BEGIN

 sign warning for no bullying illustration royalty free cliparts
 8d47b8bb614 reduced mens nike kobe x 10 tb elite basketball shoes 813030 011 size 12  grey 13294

END
BEGIN

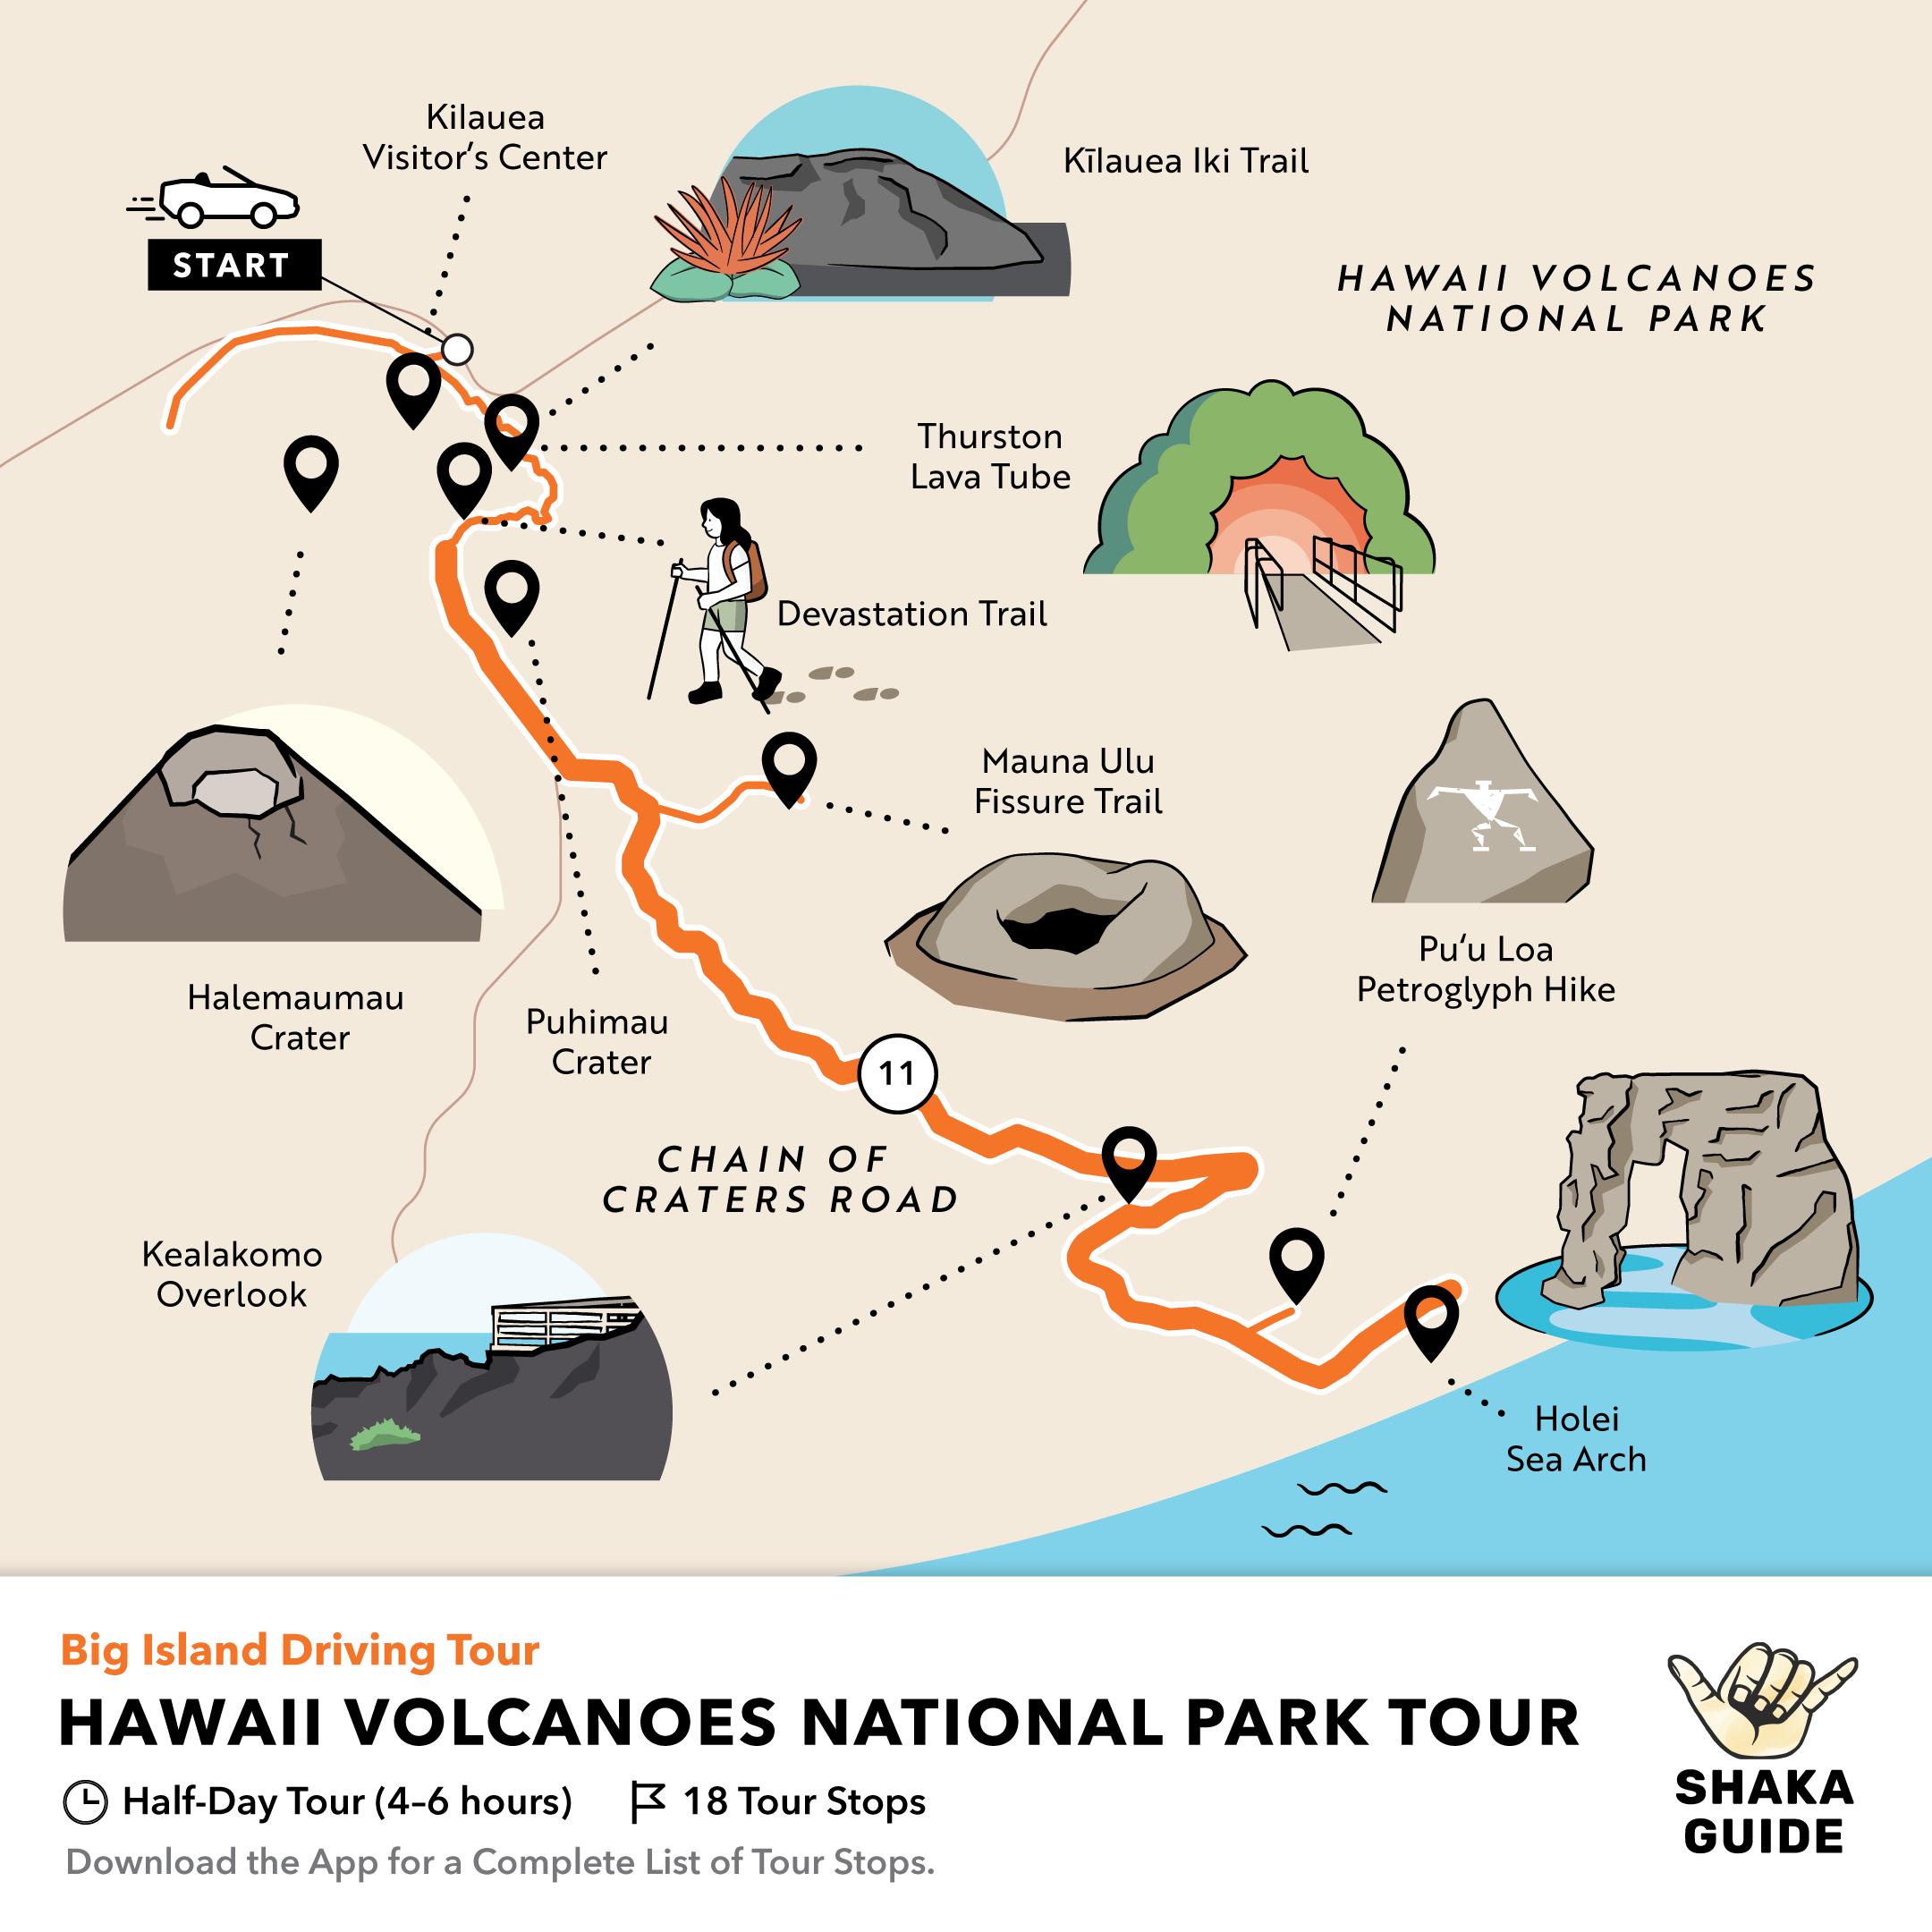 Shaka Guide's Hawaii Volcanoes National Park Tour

END

● Assigned task
From the records above, copy out the line with "sign warning for", the line with "8d47b8bb614 reduced mens", and every line between them, word for word.

● Written answer
 sign warning for no bullying illustration royalty free cliparts
 8d47b8bb614 reduced mens nike kobe x 10 tb elite basketball shoes 813030 011 size 12  grey 13294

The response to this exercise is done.